Dissertation Research

Human-Inspired Topological Representations for Robust Perception in Unstructured Environments

Deep learning models that achieve remarkable performance for perception related problems in seen environments often suffer dramatic decreases in performance when tested on unseen environments. Therefore, in this work, funded in part by Amazon Science, we are working towards developing methods for robust object detection using topologically persistent features.

Recognition in unseen environments:

In our 2D shape-based recognition framework, we extract two kinds of features, namely, sparse persistence image (PI) and amplitude, by applying persistent homology to multi-directional height function-based filtrations of the cubical complexes representing the object segmentation maps obtained from RGB images. The features are then used to train a fully connected network for recognition. Unlike the state-of-the-art Faster R-CNN and its domain adaptive counterpart Domain Adaptive Faster R-CNN, recognition performance of these models, which are trained using images from a living room, remains relatively unaffected an images from an unseen warehouse (See more).

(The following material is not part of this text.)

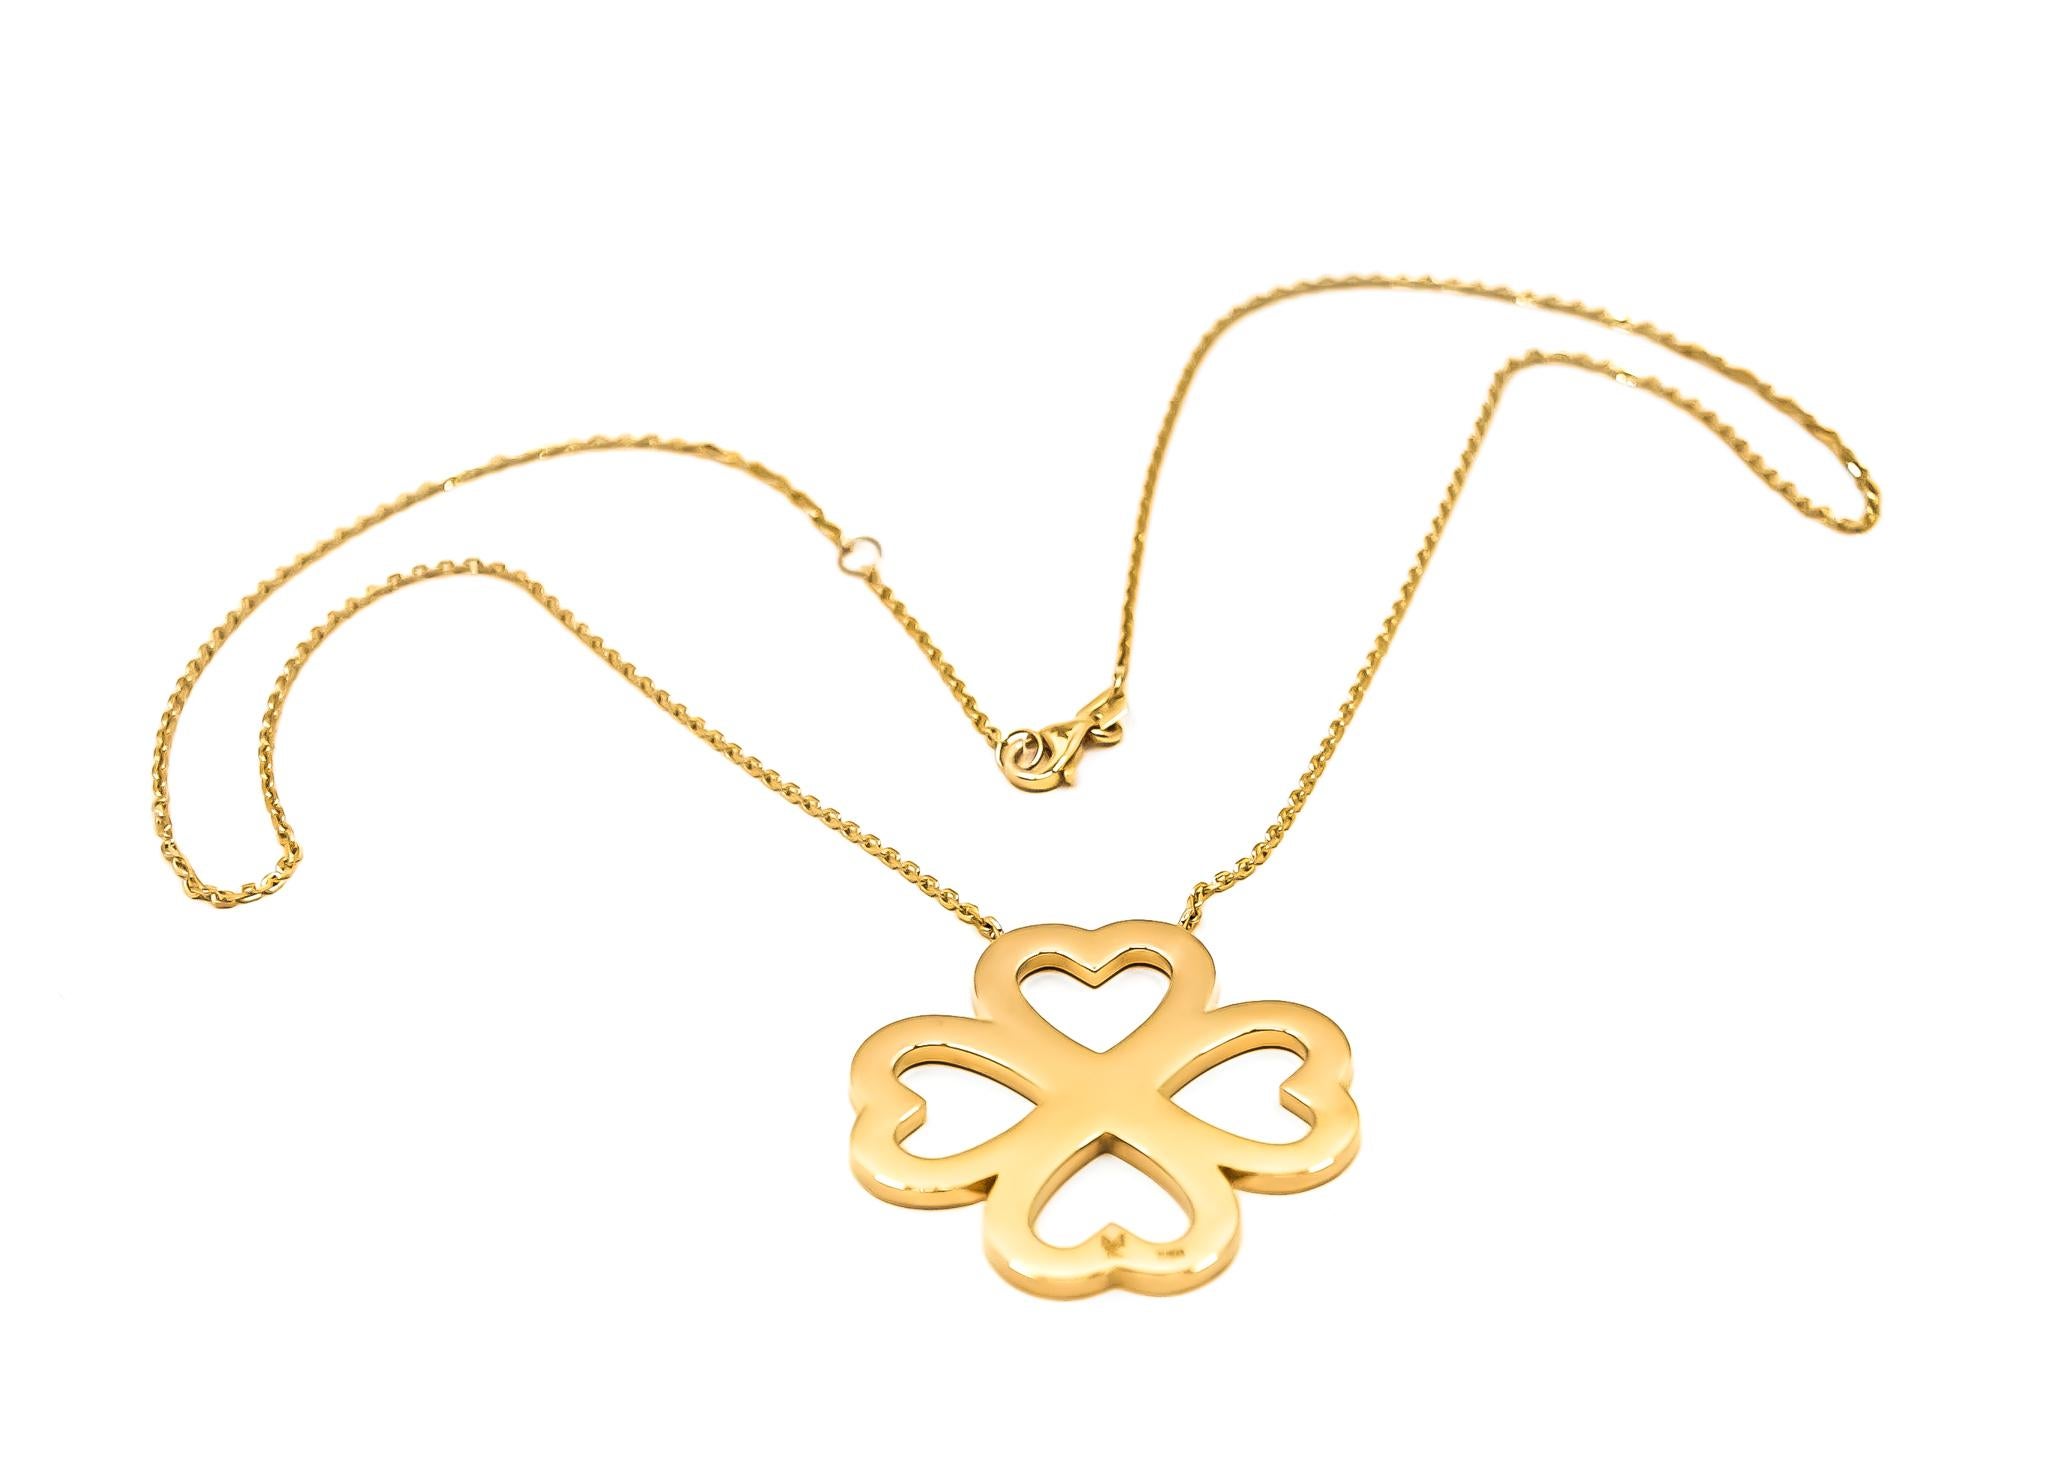 Women's Heart Blossom Pendant Necklace in 18kt Gold For Sale

Recognition in cluttered unseen environments

The above work showcases the potential of topological features but faces challenges with varying camera poses, emphasizing the necessity for 3D shape-based features. I introduced TOPS, a new descriptor for point clouds derived from depth images, and THOR, a recognition framework inspired by human reasoning. TOPS captures the detailed shape of objects in a permutation-invariant manner while ensuring similarities in the descriptors of the occluded objects and the corresponding unoccluded objects. THOR uses this similarity to facilitate object unity-based recognition using standard classifiers, eliminating the need for training data that exhaustively represents all occlusion scenarios. Specifically, a slicing-based descriptor function is designed to compute topological features from the filtrations of simplicial complexes using persistent homology and form the TOPS descriptor. (See more).

Other Research Projects

Bird’s Eye View Generation from Surround-View Fisheye Camera Images for Automated Driving

Wide-angle fisheye lens cameras are often the sensor of choice to visually capture a car's surroundings. Obtaining a bird’s-eye-view (BEV) representation from multiple such car-mounted cameras is of tremendous value for advanced driver-assistance systems and autonomous vehicles; the clear presentation of the location and scale of objects in a BEV is helpful for downstream tasks such as lane keeping and object tracking. However, BEV generation in such cases is more challenging than typical image stitching owing to the strong visual distortion produced by the fisheye lenses and the violation of the flat earth assumption during homography estimation. As a research intern at Volvo Cars, %First, 

I proposed generating the BEV images and the corresponding segmentation maps using homography-informed spatial-transformer networks that address the distortion by spatially manipulating the feature maps (patent application filed). In a subsequent Volvo Cars-sponsored project at the University of Washington, I developed an attention-based network for obtaining BEV segmentation and height maps, which incorporates the camera parameters in its design to overcome the challenges due to the flat earth assumption.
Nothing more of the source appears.